Currently, the focus on TRM cells may help explain the recurrence of previous vitiligo lesion in the same location, since TRM cells provide rapid localized defense against recurrent pathogens. Nonetheless, in vitiligo, the question remains as to what are the “pathogens” that activate the function of TRM cells. Recent studies have revealed the role of IL-15 in promoting the function of TRM cells in vitro, but which cells produce and correlate with IL-15 remains unknown. The markers CD122, CD103, and CD69 require more laboratory studies to demonstrate their functions interacting with other cells and cytokines. Moreover, how oxidative stress and innate immunity exert effects on and connect with TRM cells remains to be explained. Anyway, treatments targeting TRM cells may be highly effective or even reverse vitiligo, and deserve more attention [71].

Conclusions

Oxidative stress and autoimmunity are both leading theories proposed for vitiligo. But we cannot understand these 2 causative mechanisms without convergence. In fact, the new insights into how these 2 pathways work together may be helpful for a better understanding of vitiligo pathogenesis. Taken together, this study synthesized the mechanism of vitiligo from ROS triggers to spreading of lesions. To begin with, both exogenous and endogenous stimuli promote melanocyte stress, leading to excessive ROS, which contribute to the production of DAMPs and the release of melanosomal antigens that activate innate immunity. The activation and maturation of dendritic cells via Hsp70i present the antigen, followed by reactive CD8+ T cells that destroy the melanocytes. The cytokines and chemokines are secreted under oxidative stress, acting as the mediator that facilitates the recruitment of CD8+ T cells and amplifies the inflammatory network. The growing attention of Tregs and TRM also correlate with oxidative stress and play indispensable roles in the pathogenesis of vitiligo. Both IL-17 and CXCL10 have been correlated with the severity and activity of the disease may be a clue for defining the role of Th17 cells.
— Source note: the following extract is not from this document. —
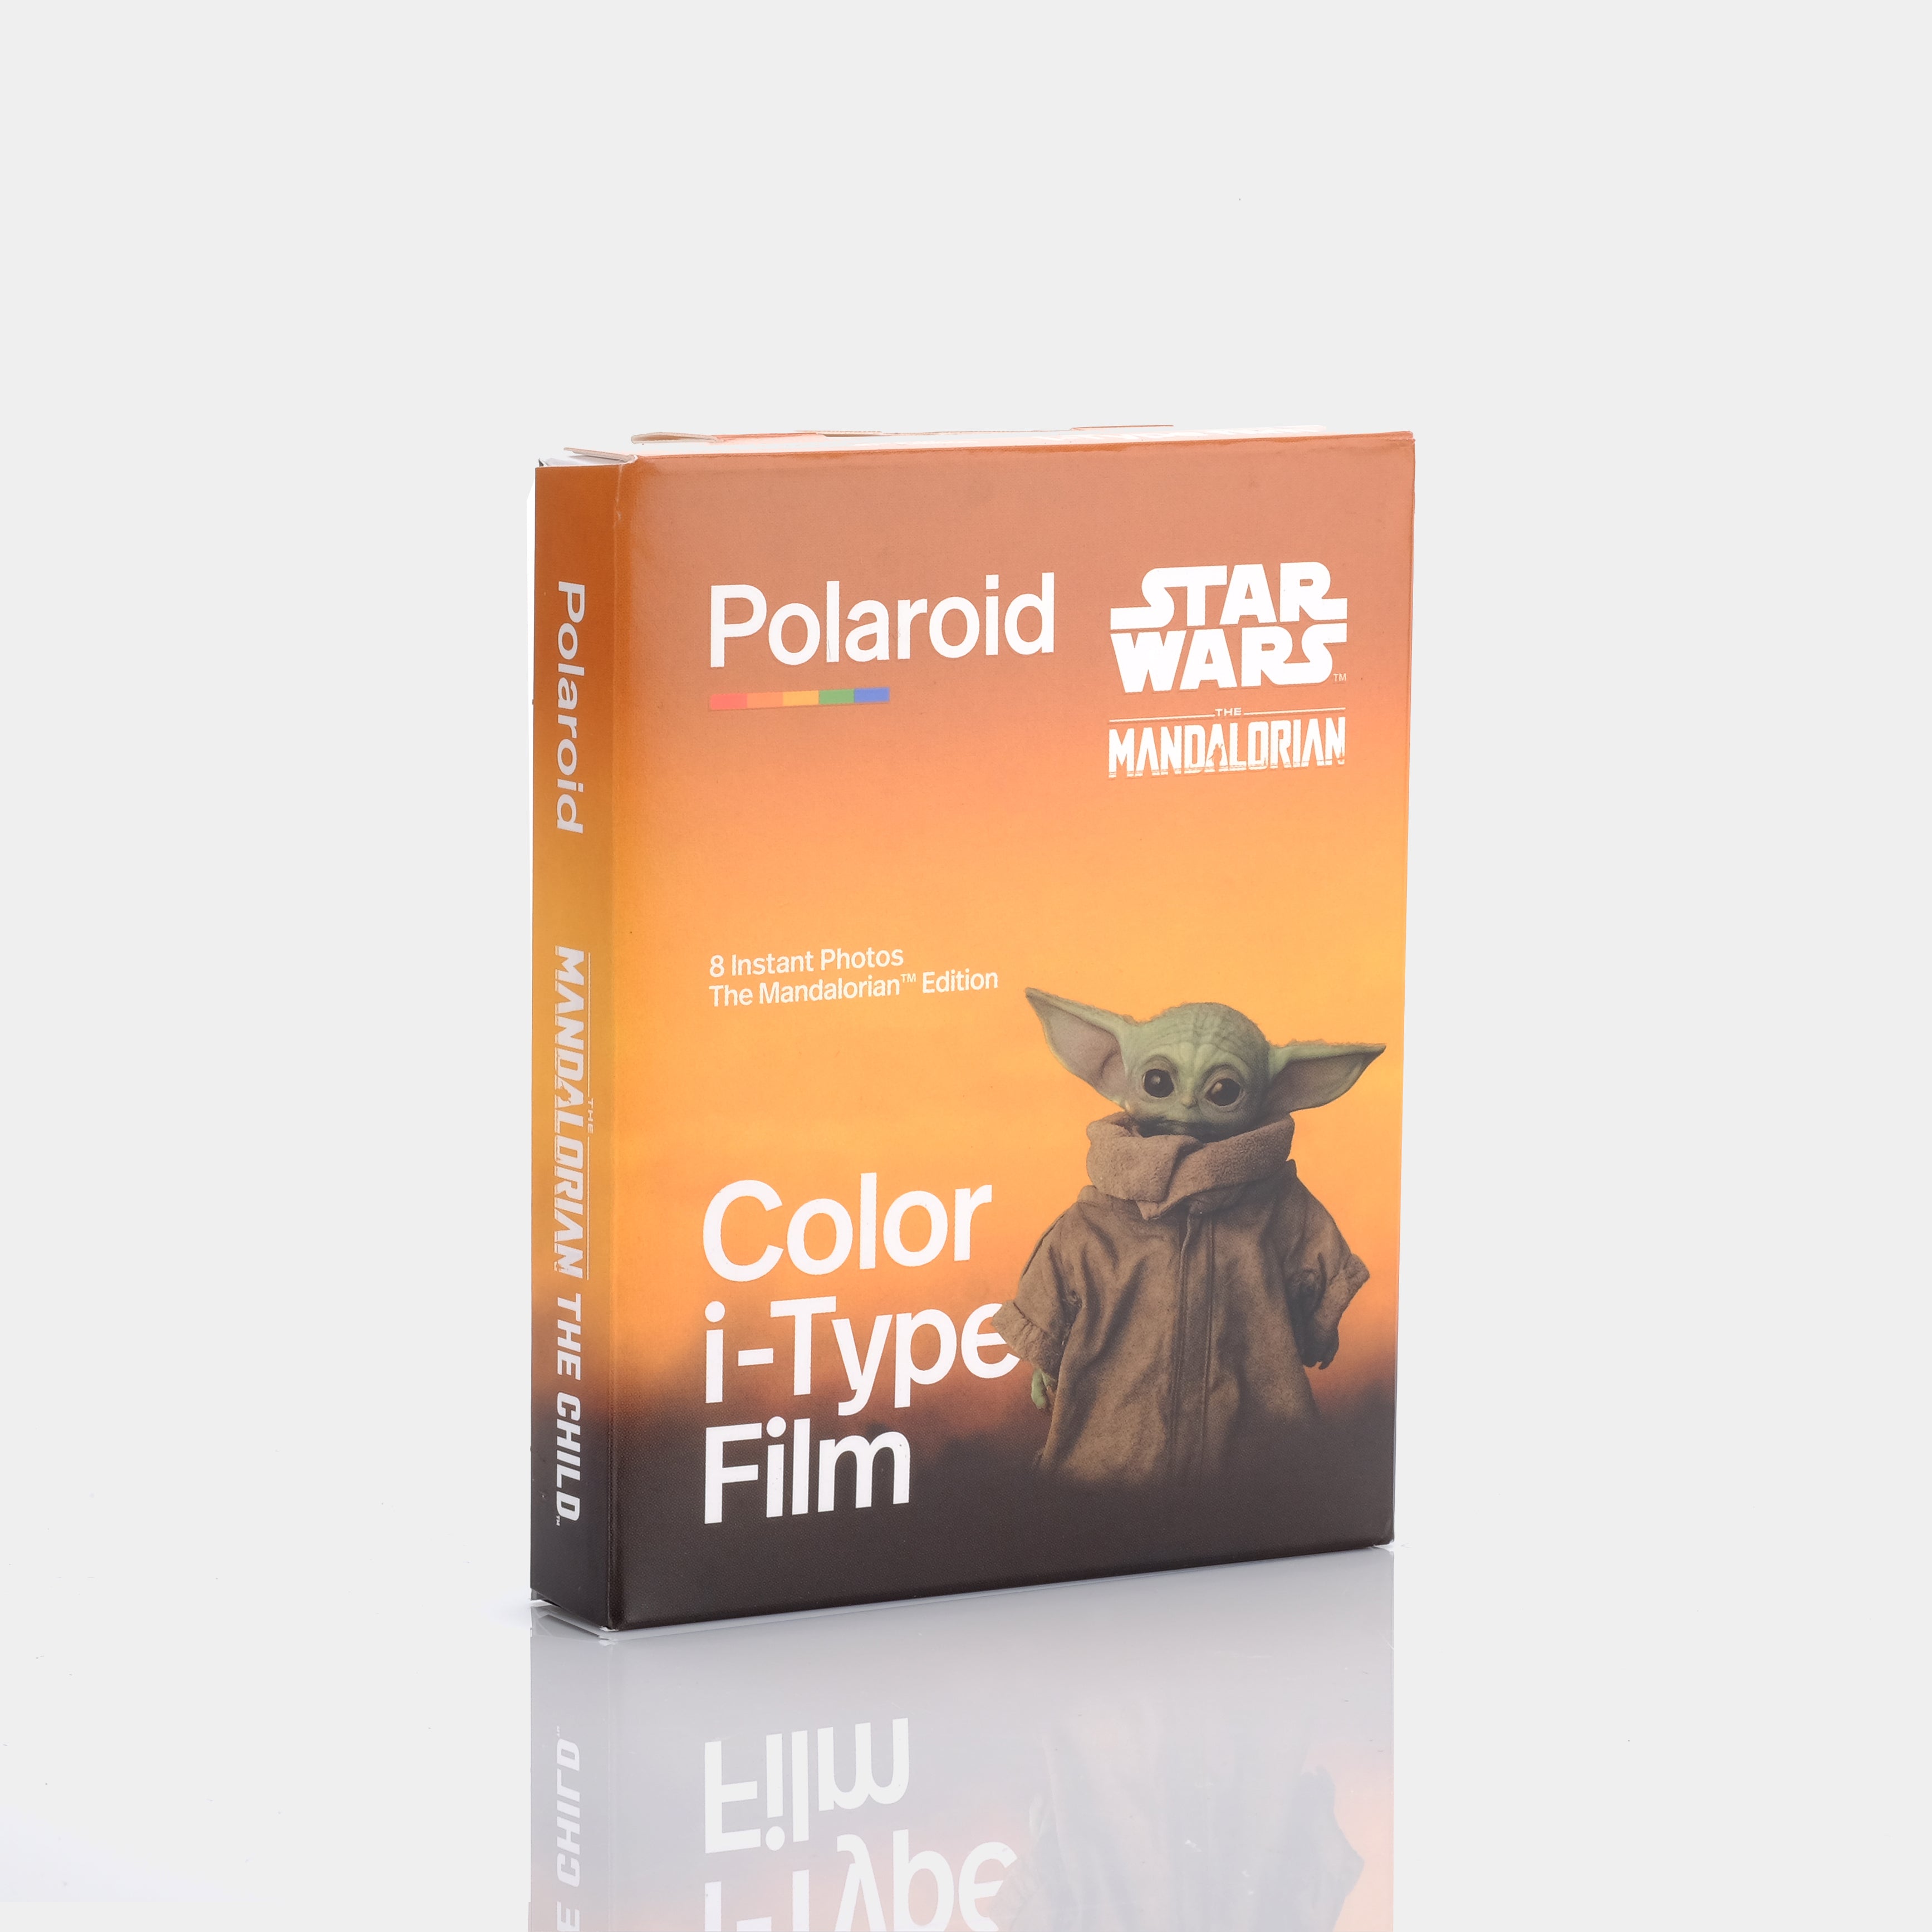 Polaroid Color i-Type Instant Film - Star Wars Mandalorian Edition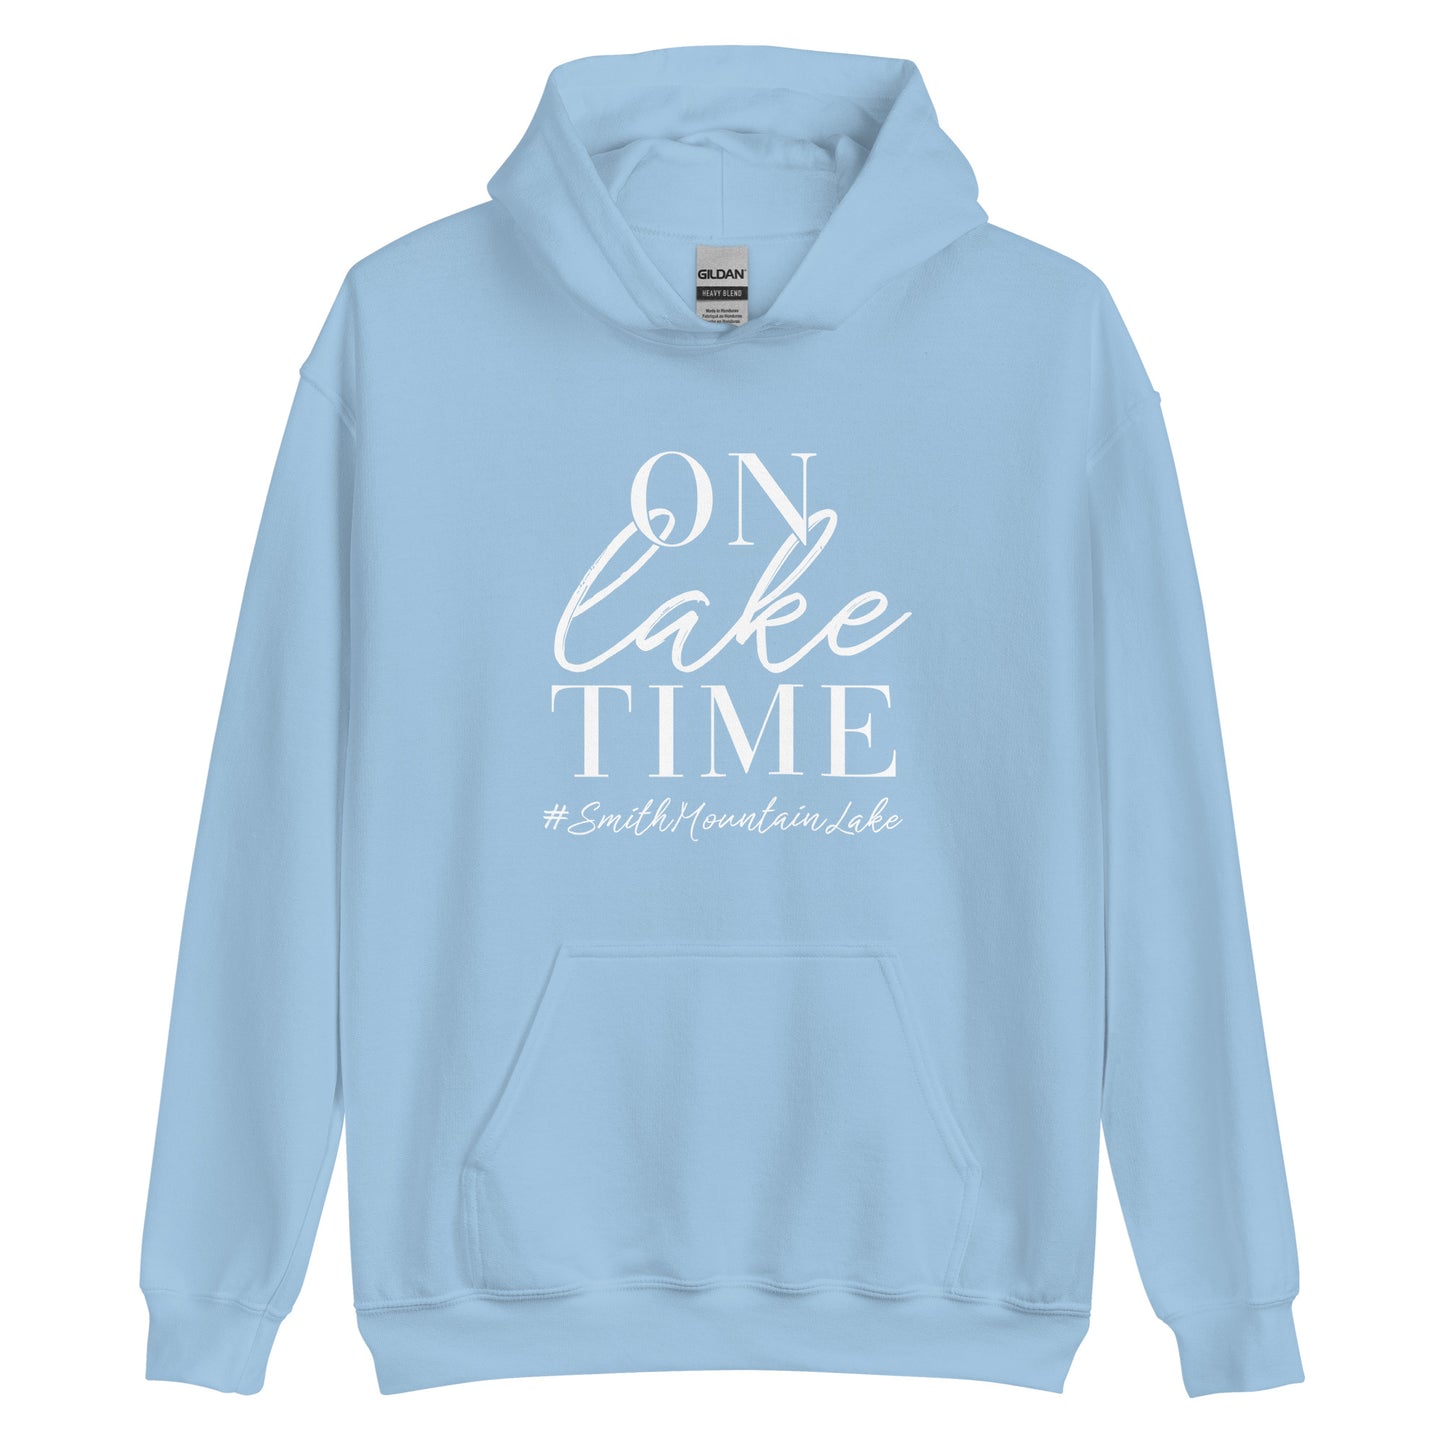 On Lake Time - Smith Mountain Lake Unisex Hoodie Sweatshirt

It will be critical to identify, simultaneously, the significance of CXCL9, if any, when evaluating the role of CXCL10. This will make it clearer whether the alteration of CCL22 is related to oxidative stress. Recent advances have enriched the details of how initial oxidative events lead to the activation of immune systems, thus bringing new potential strategies to vitiligo treatments. These promising therapeutic options originate from targeting the pathways involved, including activating Nrf2 pathways, mutant Hsp70i, inhibiting adaptive immunity-related cytokines and chemokines, replenishing Treg abundance, and blocking TRM, which may all represent a step forward in understanding and treating vitiligo.